I am not sure what the Al-Gabarti relates to as if there are to this day 'Jabarti' present in Ethiopia, they are normally highland Ethiopians, mostly in Tigray and Eritrea but also in Amhara, whom, although they speak the local language and are ethnically undifferentiated from their Orthodox Christian neighbours, and solely distinguished by their Muslim faith. They were often traders by profession, fulfilling a niche, or 'caste' need. One thing they are certainly not, is Somali or Oromo.
If the spread of Western Civ is a cottom fire, it will consume not only itself but the cultures it has aided to package as well, and, far from providing the West with a globalised consciousness, will burn down everyone's past in one single bonfire.

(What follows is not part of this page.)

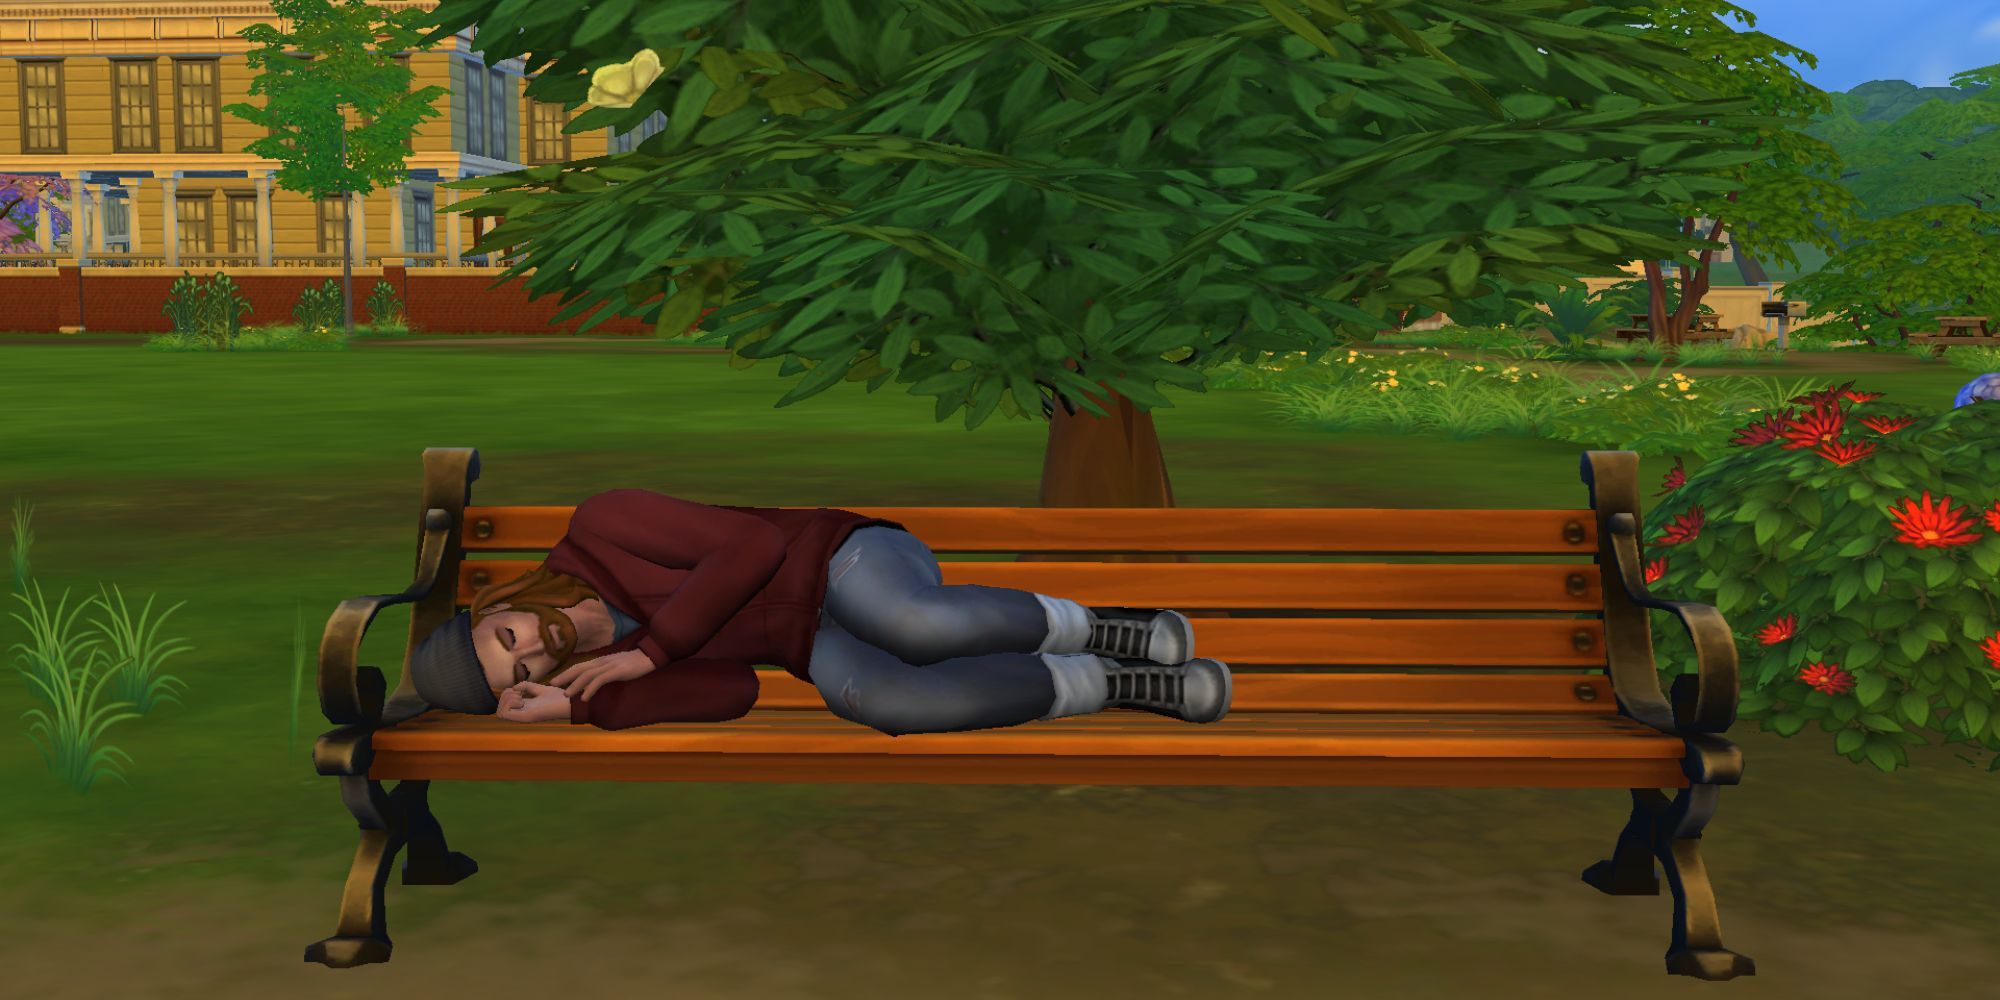 The Sims 4 Homeless Sim Sleeping On The Bench

I think of Spengler's pseudomorphism when I see the land of the 'Al-Gabarti' (Toynbee's 'Ethiops') today: not a single piece of their modern living system is indigenous, from the clothes they wear to the transport and means of production and when they dream, they dream western ideas (Oswald Spengler fails to describe Ethiopia in his work, although he does evoke at one point the 'Falasha', today known as the 'Bete Israel', as a type of occupational caste.)
Those of us fortunate enough to live in a cosmopolitan atmosphere appreciate differences. In context of a collapse of existing arrangements, Western Civilization becomes a thread in the fabric of what is to come. Not the whole cloth of cotton waste any more.